Maybe you want to read
request.targetdirectly and parse it according to your preference.
Since the backend needs to verify the validity of parameters, the frontend is required to encrypt the parameters. The encrypted result should be included in the request header and sent to the backend together. The backend will directly extract the parameter part and verify it against the encrypted request header. If the parameters are re-sorted, the backend will consider the parameters to have been tampered with. Similarly, if the library encodes the parameter part, the backend will also fail to pass the verification. Fortunately, there is an interface to disable the encoding function (cli.set_path_encode(false)). What I hope for is: if parameter sorting must be retained, either an interface should be provided to disable sorting (similar to cli.set_path_sort(false)), or a callback function should be offered to allow users to modify the content to be sent at the frame just before the data is sent. Please help with this. Currently, my workaround is to downgrade the library version to 0.23.1.
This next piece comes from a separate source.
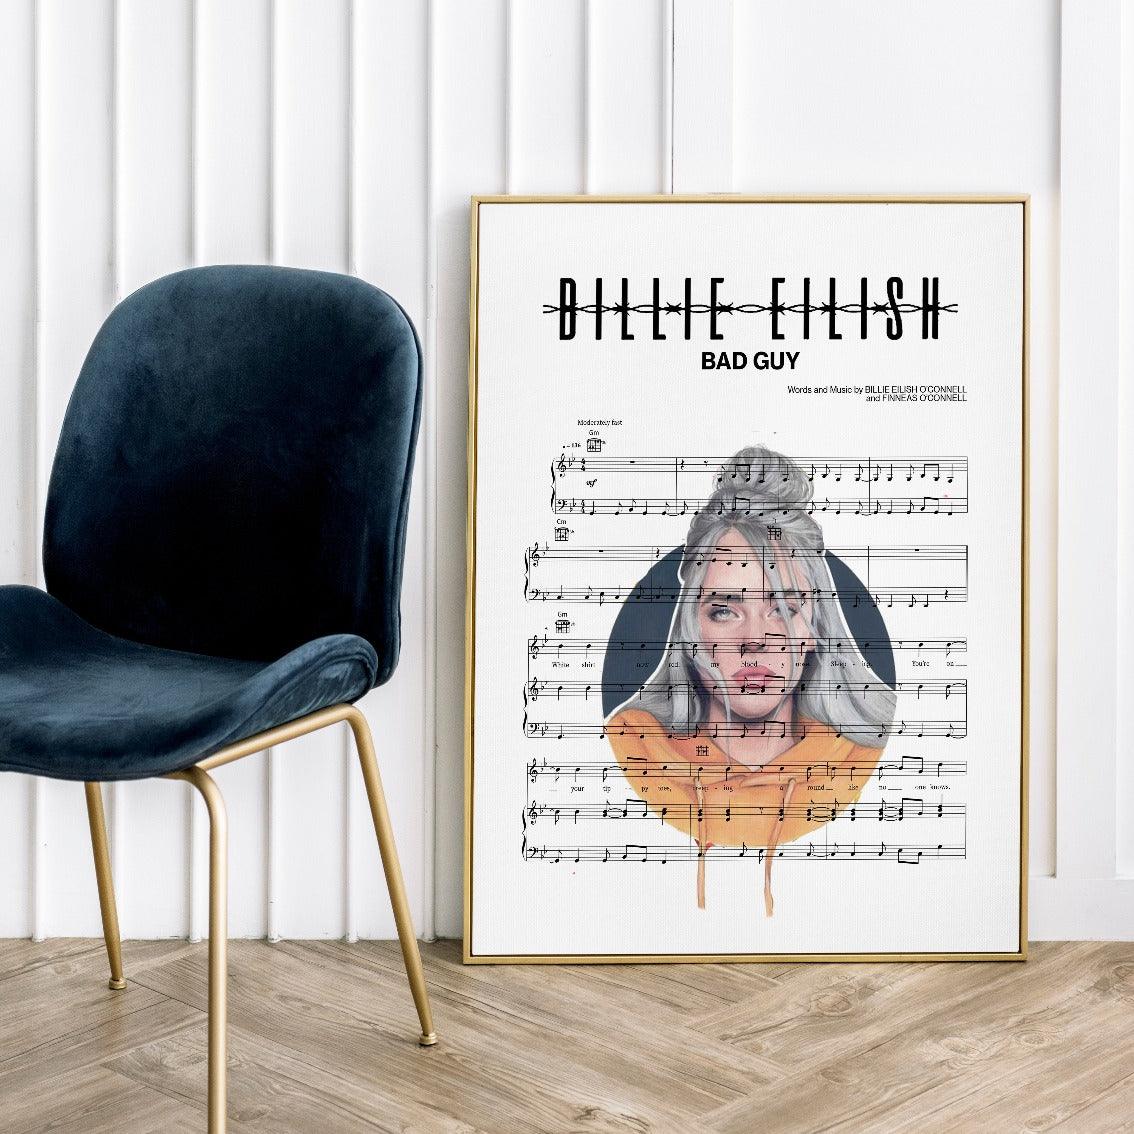 The newest release from teenage artist Billie Eilish is now available as a limited edition poster. "Bad guy" is the first single from her upcoming debut album, and is already a chart topper. This poster is a must-have for any fan of the up-and-coming artist, or for anyone who wants to add a touch of cool to their wall art collection.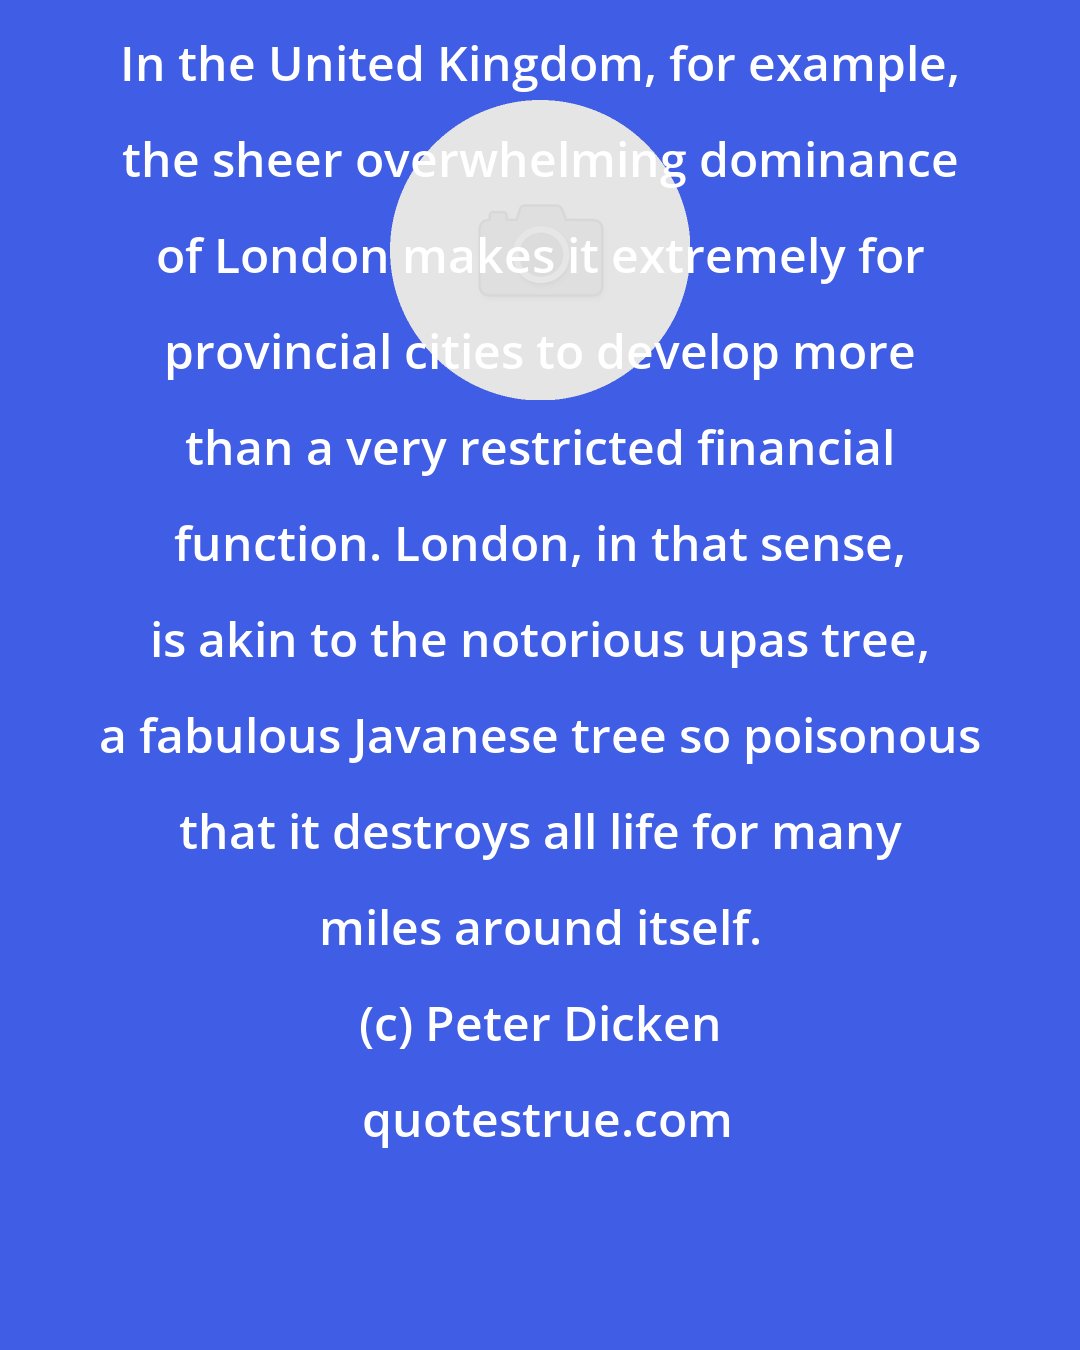 Peter Dicken: In the United Kingdom, for example, the sheer overwhelming dominance of London makes it extremely for provincial cities to develop more than a very restricted financial function. London, in that sense, is akin to the notorious upas tree, a fabulous Javanese tree so poisonous that it destroys all life for many miles around itself.

Here is the report from Copilot.
RFC Perspective Analysis
Relevant Standards
RFC 3986 (URI Generic Syntax), Section 3.4 (Query Component)
The RFC states:
The query component is indicated by the first question mark ("?") character and terminated by a number sign ("#") character or by the end of the URI.
Notably, RFC 3986 contains no explicit requirement regarding the ordering of query parameters.
RFC 7230/7231 (HTTP/1.1)
The HTTP specifications for request URIs similarly do not mandate that query parameter order must be preserved.
Key Findings
1. **Order is not semantically significant**: According to URI specifications, the order of query parameters carries no semantic meaning. From an RFC standpoint, `?a=1&b=2` and `?b=2&a=1` should be considered **functionally equivalent**. 2. **Common practice vs. specification**: While most HTTP client and server implementations tend to preserve parameter order, this is a **convention rather than a requirement**. The specifications do not mandate this behavior. 3. **API design concern**: A backend API that performs strict validation of parameter order is **technically non-compliant** with RFC principles. This represents a design issue on the server side.Conclusion
From a strict RFC compliance perspective, the user's request is not justified.
Reasoning
* RFC 3986 does not specify or require query parameter ordering * URIs with different parameter orders should be treated as equivalent * APIs that enforce parameter order validation are not following RFC best practices
You are absolutely right about this, but it would be quite perplexing if users have no control over the content they send out.
It also does not conform to the design philosophy of a tool. Users should not have to struggle with the question: "Why is the data received by the server not the data I sent?"
🥹
What do you think about the followings?
- RFC 3986 does not specify or require query parameter ordering
- URIs with different parameter orders should be treated as equivalent
- APIs that enforce parameter order validation are not following RFC best practices
What do you think about the followings?
- RFC 3986 does not specify or require query parameter ordering
- URIs with different parameter orders should be treated as equivalent
- APIs that enforce parameter order validation are not following RFC best practices
* RFC 3986 does not specify or require query parameter ordering
According to the RFC 3986 standard, request parameters in a URL need to be encoded, especially for reserved characters like &. The httplib library also performs this encoding by default, but it also provides the interface cli.set_path_encode(false); to disable encoding—and this is exactly what I intend to do. I am not saying that parameter sorting should not be done; rather, I want to offer an alternative. For example, if a customer goes to a restaurant and orders a hamburger, would you replace it with bread and lettuce just because there is no law prohibiting such a substitution?
Translating is too much trouble. I don't want to answer the last two questions—they all follow the same logic. So, just like the cli.set_path_encode(false); interface does, let's give users one more option!